Asset Management Intelligence; What You Don’t Know, Will Cost You

Have you ever made an inquiry about the status of a server or application to your IT staff and received a less than a comforting reply?  Clearly, this is not the zone you want to find yourself in. A lack of in-depth knowledge regarding what is connected, who has access and which software version is running on the network will lead to security breaches, unnecessarily high operating cost and vendors taking advantage of you.

Unfortunately, this scenario is commonplace. To help find an answer, Data Center Knowledge turns to Nlyte’s Chief Marketing Officer, Mark Gaydos, for some real-world advice to give to readers.

As originally posted in Data Center Knowledge, read below, how to arm your IT staff with the visibility needed to truly understand what is happening--anywhere--on the network.

Asset Management Intelligence; What you don’t know, will cost you.

“What do you know about your computing infrastructure?”

It’s a question that is often asked but seldom replied to in a sufficient manner by IT staff. In fact, most replies seem to contain the phrase, “we think.” When it comes to important questions on receiving information from directory services or contract sizes, “we think,” will not cut it. In order to properly answer these questions, IT needs the ability to gather data from a large host of assets and more importantly—consolidate and reconcile the data so it all makes sense for human resources, financial, legal and other stakeholders within the company that requires current information.

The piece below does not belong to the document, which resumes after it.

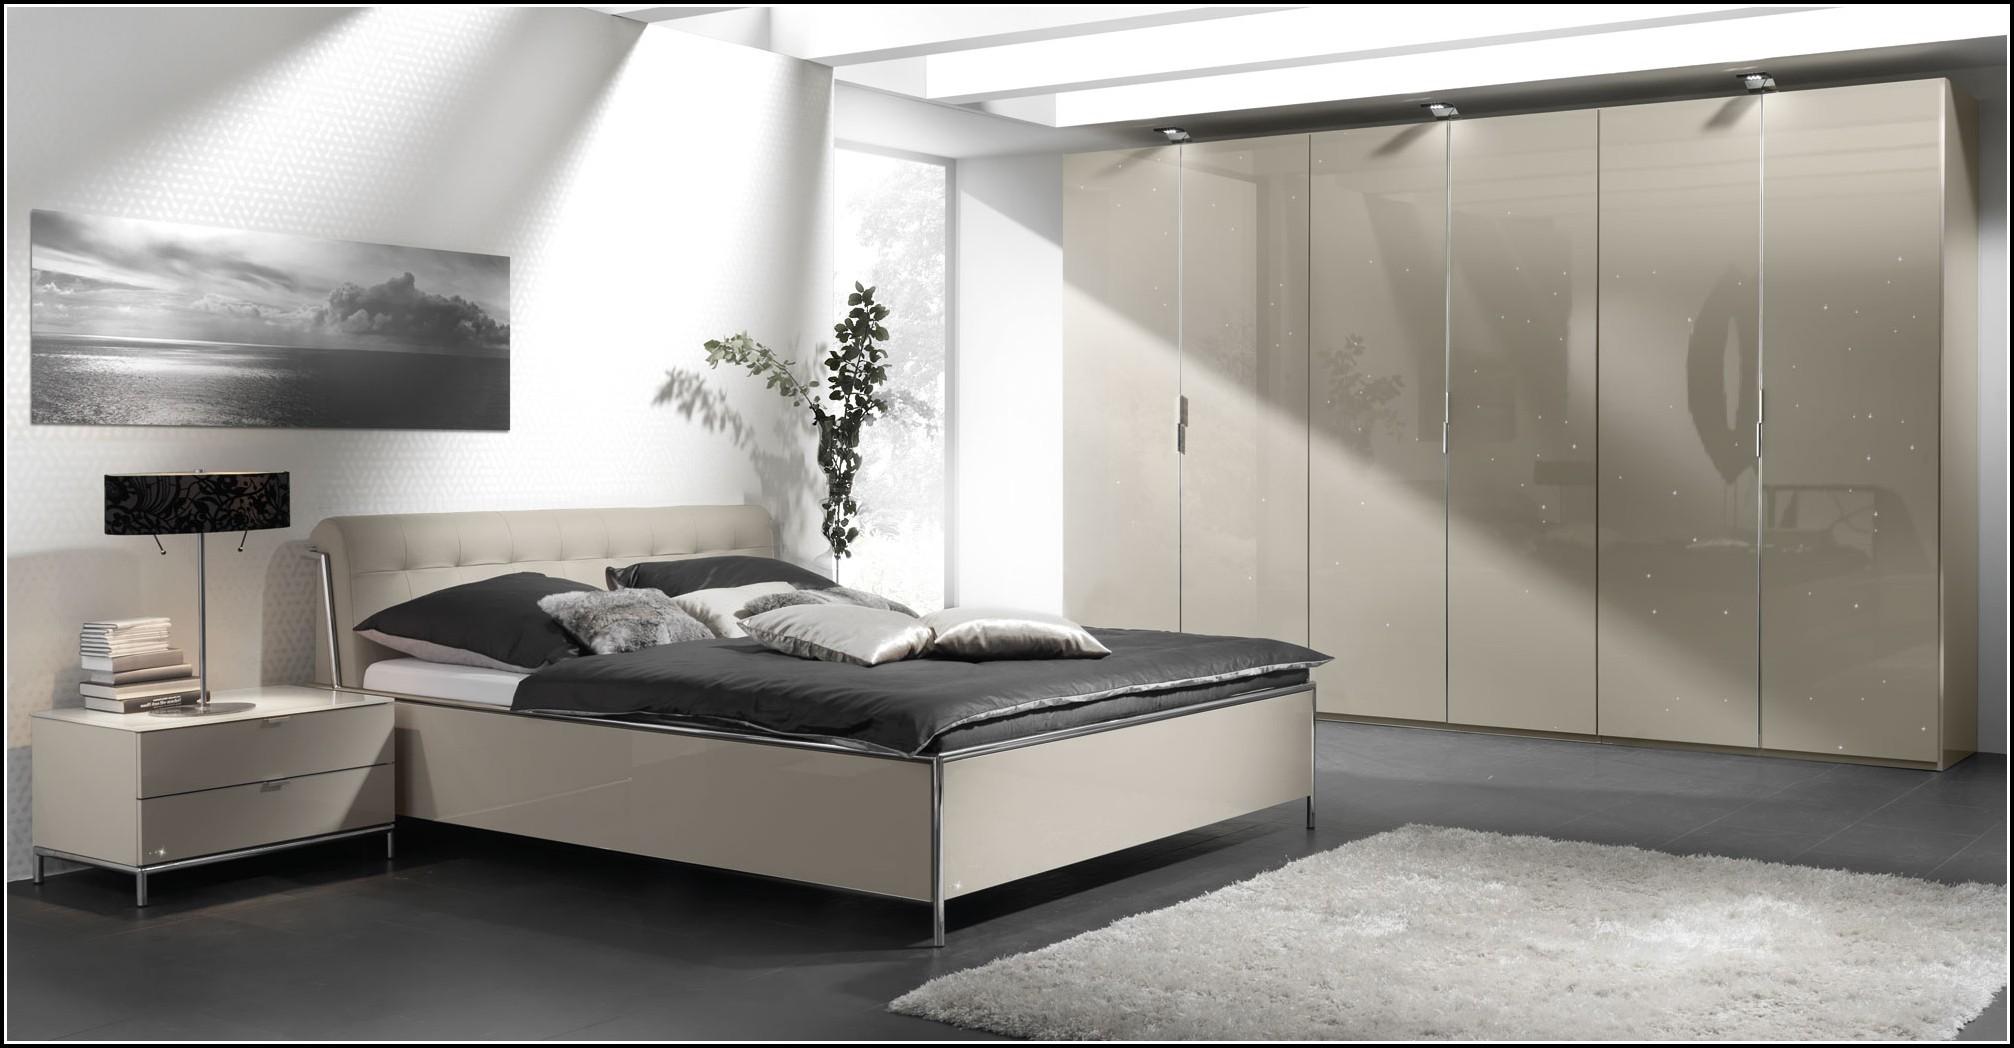 Vorschläge Schlafzimmer Ausmalen - schlafzimmer : House und ...

Collecting data is only the first step. Once the necessary data is in one system, asset intelligence can be leveraged to serve a number of vital needs. For example, achieving a greater understanding of a company’s vendors in order to negotiate with confidence. Asset intelligence uncovers all the hardware and software details to enable confidence, such as empowering a purchasing department to negotiate more favorable prices from contracted vendors.

Utilizing asset management intelligence is not only about vendor negotiations, but it also has many other practical applications because the data is always fresh—it’s the single-source-of-truth to an ever-changing inventory. Imagine having information on who is using what software, on what desktops and when the last patch was applied at your fingertips. For example, if there is a Microsoft fix or a big Intel patch for a CPU problem, how do you know how many systems actually received the patch?

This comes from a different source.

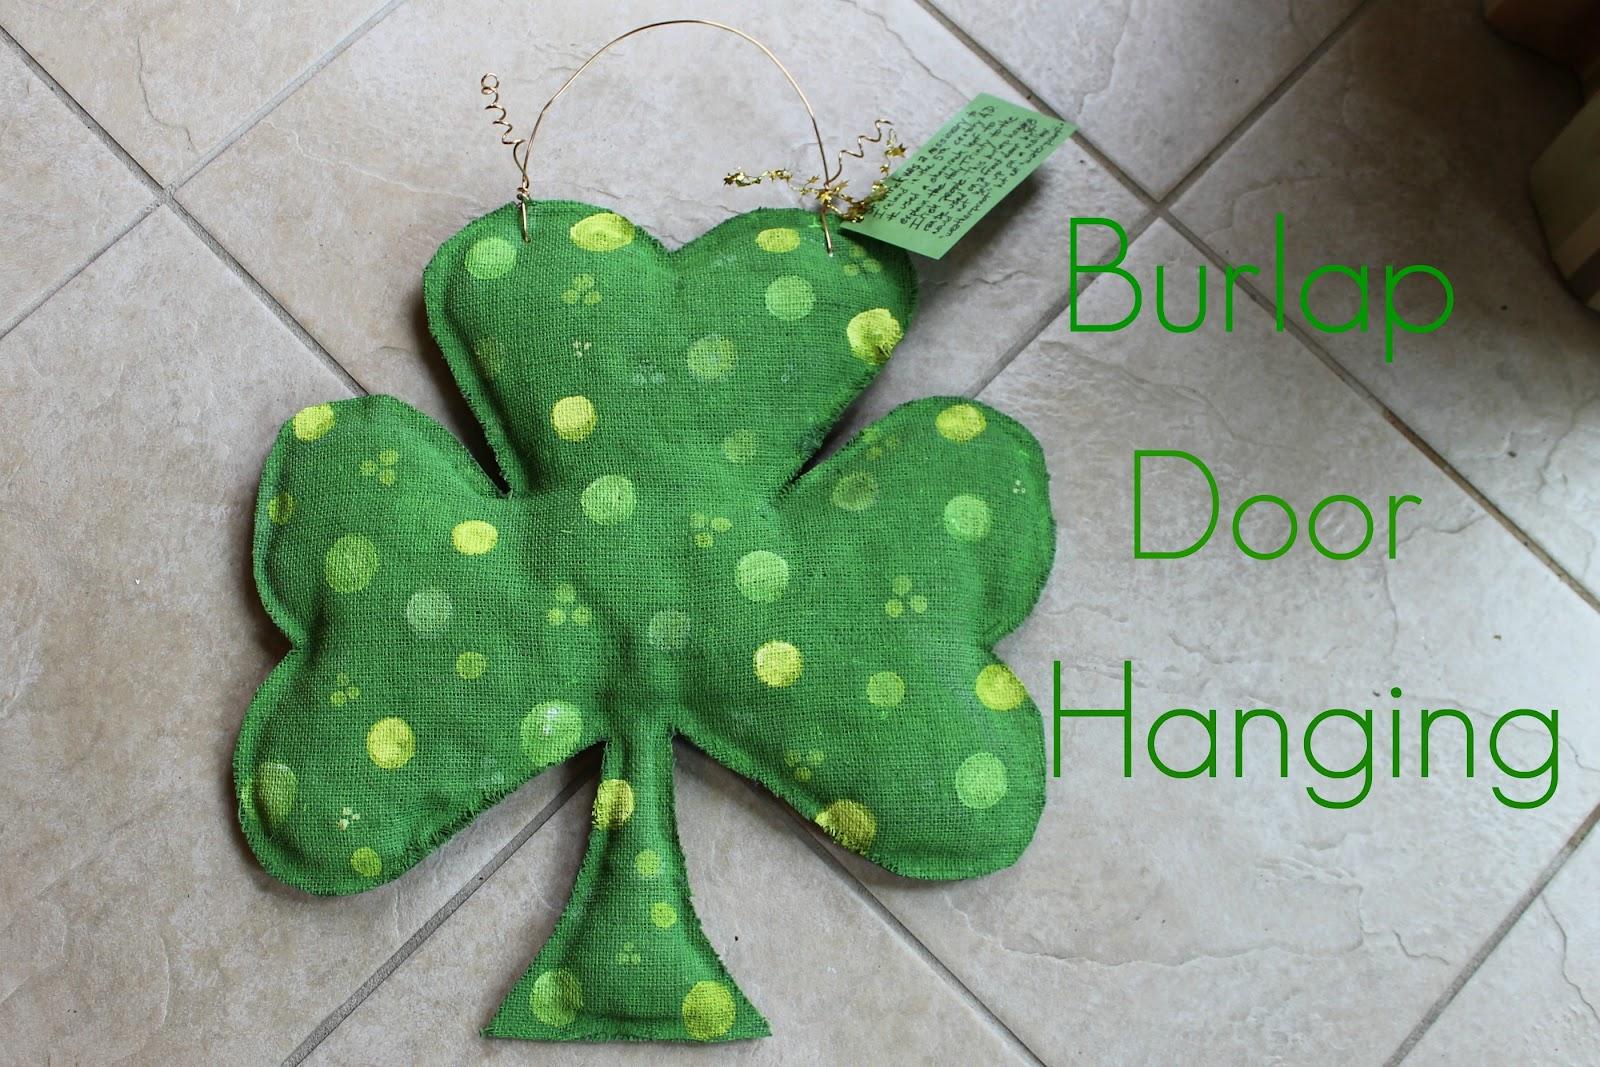 Burlap Door Hanging & Burlap Door Hanging | Miss Kopy Kat

Then there is attempting to control maintenance renewals. Do you know what you’re renewing or are you just signing a check? Applying asset management techniques, you can reconcile the necessary data and cross-reference it with contractual obligations to determine if a vendor is charging you too much.

The fact is: IT has become responsible for finding things nobody knows about and older, legacy asset management systems are of little use because they don’t have these advanced capabilities. Change management applications can help to an extent, but 3% to 4% of technology assets are fantom, which means, that nobody knows about them. Yet, they are still connected to and running on the network—change management applications will never see them.

Technology Asset Management Solutions provide the Single-Source-of-Truth

By contrast, today’s asset management solutions go far beyond change management capabilities. They offer granular information such as the ability to geo-locate a device, identify a subnet in prefixing and link it back to the core system. This is important because fresh data is now required by all parts of the organization; service management wants to know the configuration of the hardware in the operating systems; facilities need to know how many servers there are to properly power the racks, as well as the mergers & acquisitions that need data to know exactly what they're acquiring. IT managers who are savvy enough to deploy a technology asset management system (TAM) will have that single-source-of-truth to better manage security, compliance, and software licensing.

Additionally, a full understanding of the devices and configurations responsible for processing workloads across this diverse IT ecosystem will help applications run smoothly. IT managers need a TAM solution to remove many challenges that inhibit a deep dive into the full IT ecosystem because today, good infrastructure management is no longer only about the cabling and devices neatly stacked within the racks. Now, data center managers need to grasp how a fractured infrastructure, spread across physical and virtual environments, is still a unified entity that impacts all workloads and application performance.

Conclusion

One of the biggest problems vexing IT is: you can't manage what you don't know about.

And now, the IoT economy is exacerbating the device and application problem because

everything is literally connected to the network, water metering, home oil tank gauges, and even rodent traps. It’s not uncommon to see a hundred-fifty to two hundred devices on the subnets because everything is now connected. If you don’t have visibility nor inventory of these devices, you will have problems. Without this information, items are invisible on your network and hackers who are wise to this will exploit these vulnerabilities.

The situation is similar to installing a security system in your house. If you don't know how many doors and how many windows you have—you are vulnerable. TAM solutions solve the vulnerability issue with visibility as well as turning isolated data into actionable information vital for many other operations.